Likewise other zero values: 0.0, 0j, Decimal(0), Fraction(0), etc.

There may be others.


> This mapping is neither obvious nor trivial

By convention, it is. Of course you can design your class' __bool__ any way you
like, and make it as non-obvious and confusing as they like. But you shouldn't.

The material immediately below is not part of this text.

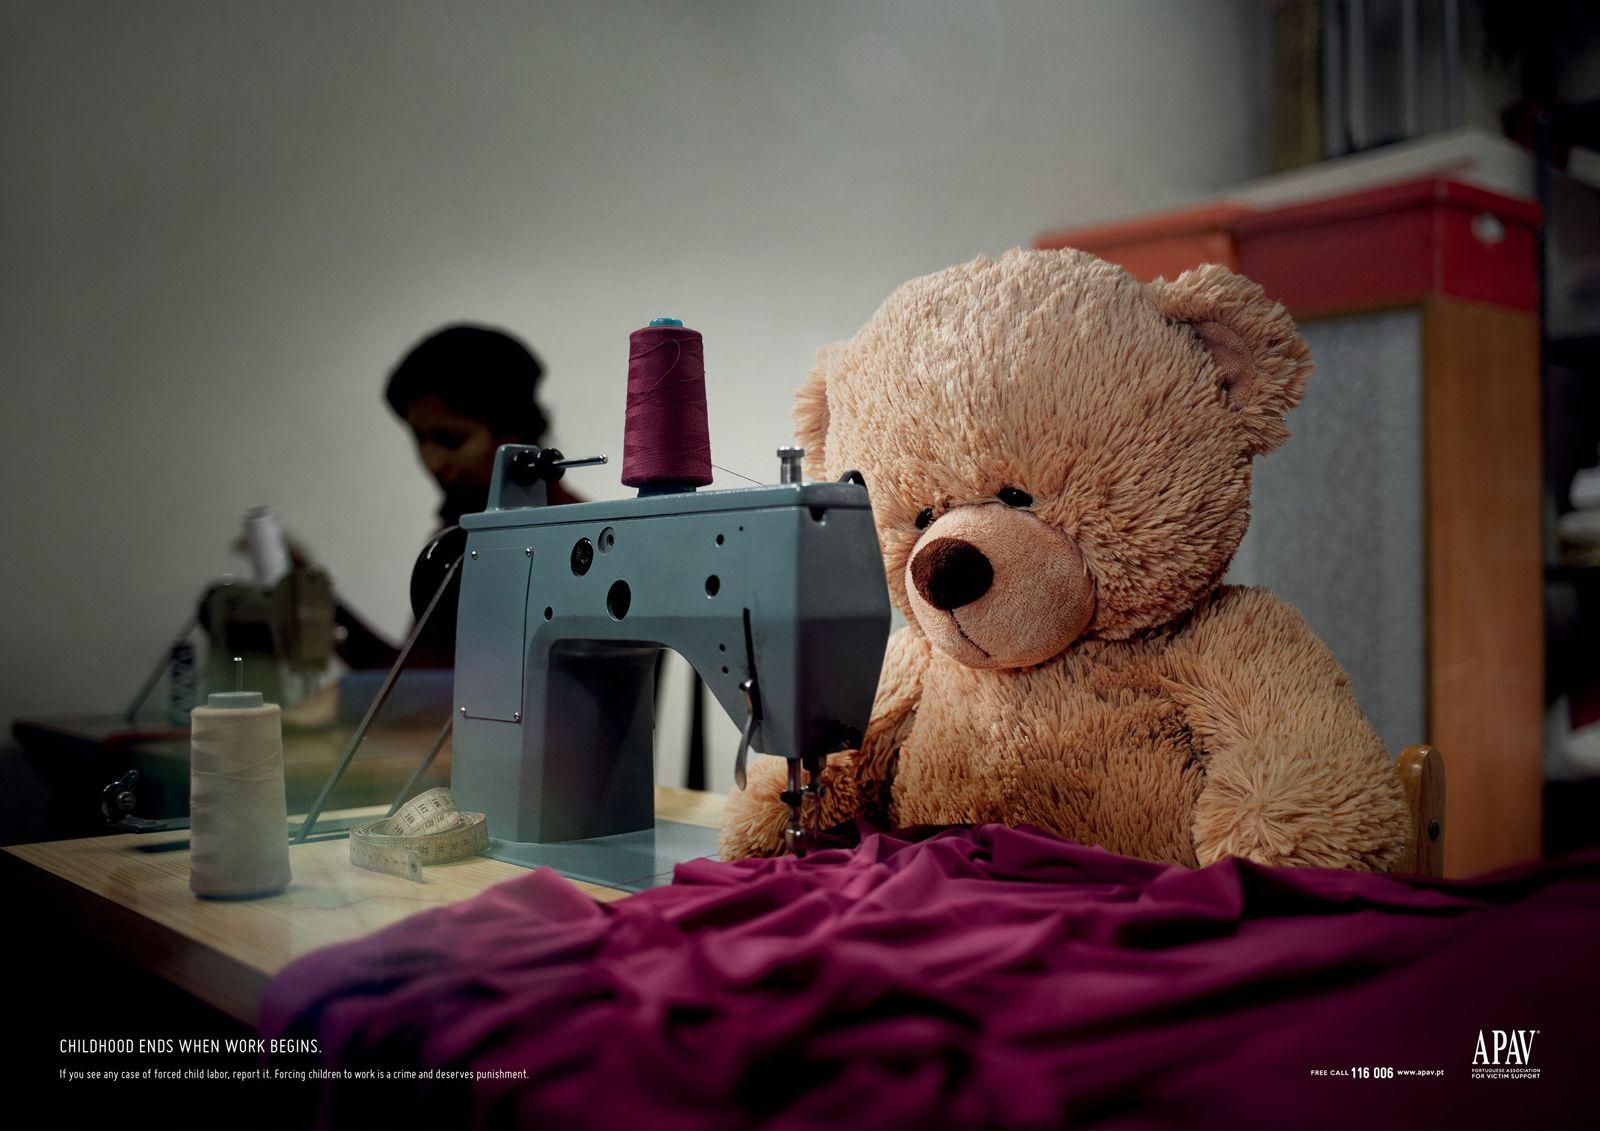 APAV Ad: Teddy, Teletubbies

Empty sequences and collections should be false. Non-empty sequences and
collections should be true.

Values which represent "nothing" in some sense -- zero, empty strings, empty
collections, None -- should be falsey. Values which represent "something" --
non-zero numbers, non-empty strings, non-empty collections, arbitrary
objects -- should be truthy.

Of all people, Rustom, you should appreciate this. There's a whole field of
mathematics that builds up arithmetic starting from the empty set, defining it
as equivalent to zero, and the set of empty sets as one. (I simplify, of
course, but I'm sure you know that.)


> And one could argue that leaving python to implicitly make [] (say) into False
> should be documented

As it is.

https://docs.python.org/2/reference/expressions.html#boolean-operations
https://docs.python.org/2/reference/compound_stmts.html#the-if-statement
https://docs.python.org/2/reference/datamodel.html#object.__nonzero__

https://docs.python.org/3/reference/expressions.html#boolean-operations
https://docs.python.org/3/reference/compound_stmts.html#the-if-statement
https://docs.python.org/3/reference/datamodel.html#object.__bool__




-- 
Steve
“Cheer up,” they said, “things could be worse.” So I cheered up, and sure
enough, things got worse.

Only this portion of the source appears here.